Mehr als 90 Prozent der niedergelassenen Ärzte belastet das Ausmaß der Gesetzgebung im Gesundheitswesen und die Einflussnahme der Krankenkassen (19). In den westlichen Ländern nahm die Autonomie der Ärzteschaft ständig ab (6). Daraus resultieren zunehmende Vorschriften, Kontrollmechanismen und Qualitätssicherungsmaßnahmen, die die ärztliche Eigenkontrolle erodieren. Das widerspricht den Erwartungen der meisten Ärzte nach sinnvoller und selbstständiger Arbeit. Ärzte haben in der Regel den Willen, sich selbst Höchstleistungen abzuverlangen, und sie übernehmen die Verantwortung für das Leben anderer Menschen. Über lange Zeit wurden die Ärzte immateriell („Halbgötter in Weiß“) und materiell für den höchst verantwortungsvollen, gesellschaftlich unabdingbaren und persönlich belastenden Beruf entschädigt.

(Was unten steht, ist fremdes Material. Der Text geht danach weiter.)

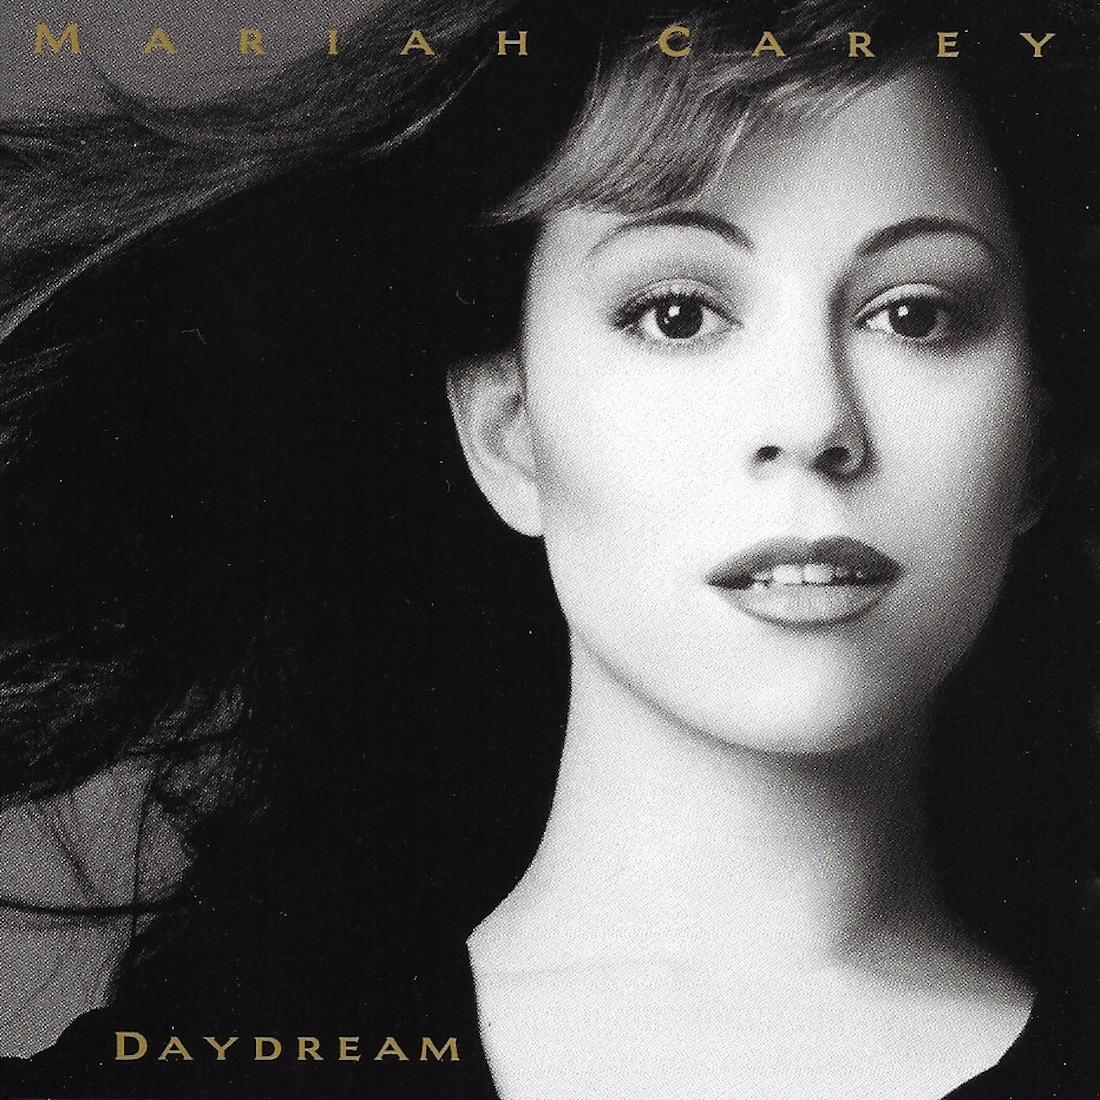 Mariah Carey's 1995 'Daydream' album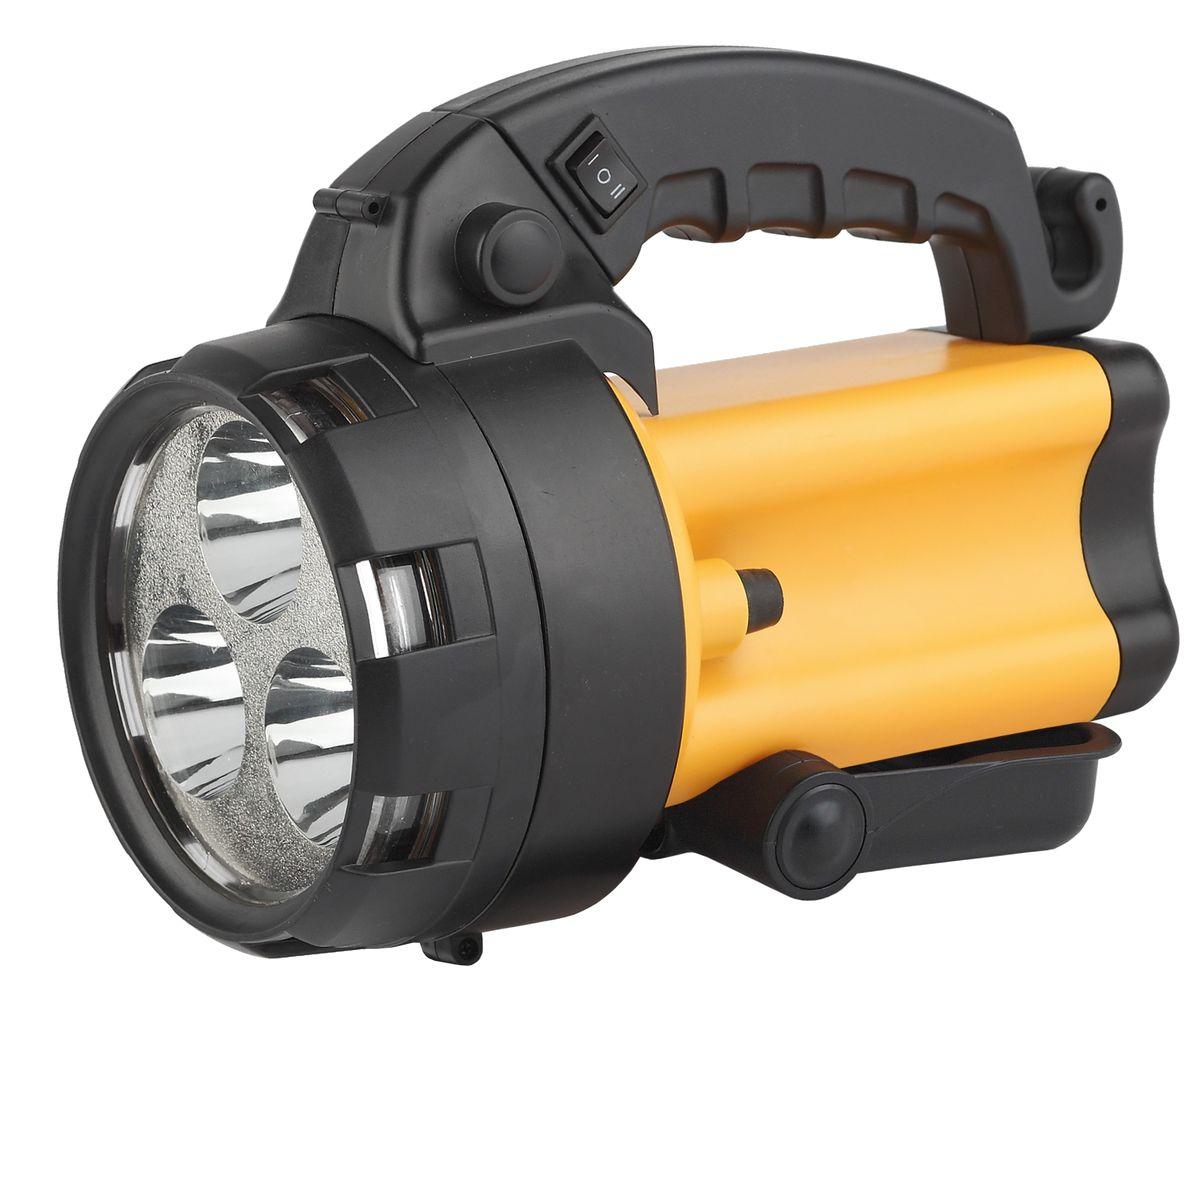 Фонарь ручной Эра, 3 x 1 Вт LED SMD, аккумулятор 4В 4,5Ач, ЗУ 220V+12V фонарь кемпинговый эра 10 smd 1w аккумулятор 4v 900mah зу 220v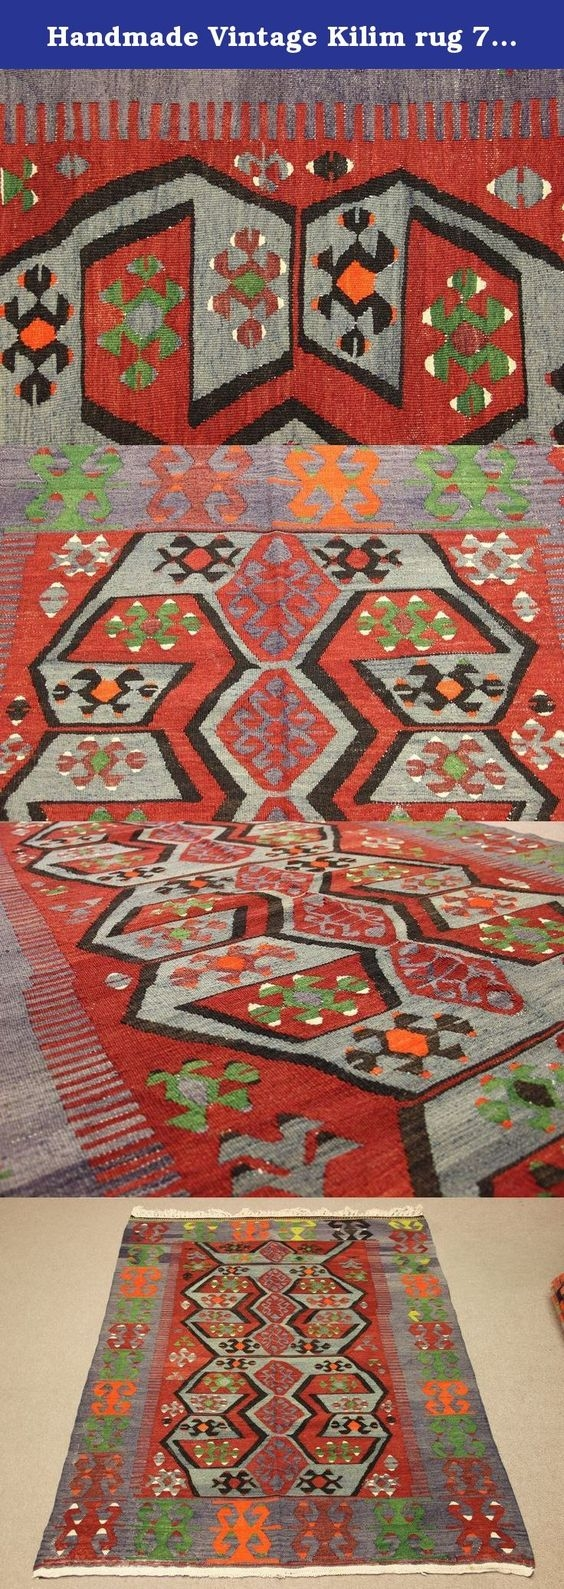 Handmade Vintage Kilim Rug 75×50 Feet Area Rug Floor Rug Turkish In Organic Wool Area Rugs (#8 of 15)

Das soziale Polster federte vieles ab (19). Von einer angemessenen Vergütung der hoch qualifizierten Tätigkeit kann heute keine Rede mehr sein – eine weitere Diskrepanz zwischen ärztlichen Erwartungen und Realität.
Eigene Bedürfnisse achten
Die Gesundheit der Bevölkerung wird fast ausschließlich mit ökonomischen Interessen verknüpft. Auf diesem Altar wird das ärztliche Tun über Regulierungen und Bürokratisierungen geopfert, obgleich die Qualität und die Bedeutung der menschlichen Zuwendung nicht ökonomisierbar sind. Case-Management erhöht die Burn-out-Quote der Ärzte deutlich, wie Erfahrungen aus den USA seit fast einem Jahrzehnt dokumentieren (2) – ein Grund mehr, das Verhältnis zwischen Ärzten auf der einen Seite und Politikern und Krankenkassen zu reevaluieren und auf eine partnerschaftliche Basis zu stellen (6). Daneben ist den Patienten eine deutlich höhere Eigenverantwortung für ihre Erkrankungen zu geben. Weiterhin sollten Medizinstudenten bereits während ihres Studiums lernen, wie sie sich selbst aufbauen und eigene Ressourcen erneuern. Ärzte müssen lernen, unabhängig von ihrer Berufsausübung ihre persönlichen Bedürfnisse zu achten und zu schätzen (21).
Burn-out ist die Krankheit des Überengagements. Foto: Caro
Zufriedenheit im Beruf ist der beste Schutz vor Burn-out (11). Viele werden einwenden, dies sei unter den gegebenen Umständen nicht möglich – und dennoch ist es die Aufgabe, selbst daran zu arbeiten. Ärzte müssen lernen, sich eigenes Kranksein zu erlauben (21). Selbstschutz wird Ärzten nicht beigebracht und steht auf der Prioritätenliste ganz unten (12). Problematischerweise beginnen Kollegen und Angehörige erst in weit vorangeschrittenen Stadien des Burn-outs einzugreifen. Dabei gibt es eine Vielzahl von Hilfen (3). Die kraftvollsten und sichersten Veränderungen sind die vom betroffenen Arzt selbst geleisteten (12).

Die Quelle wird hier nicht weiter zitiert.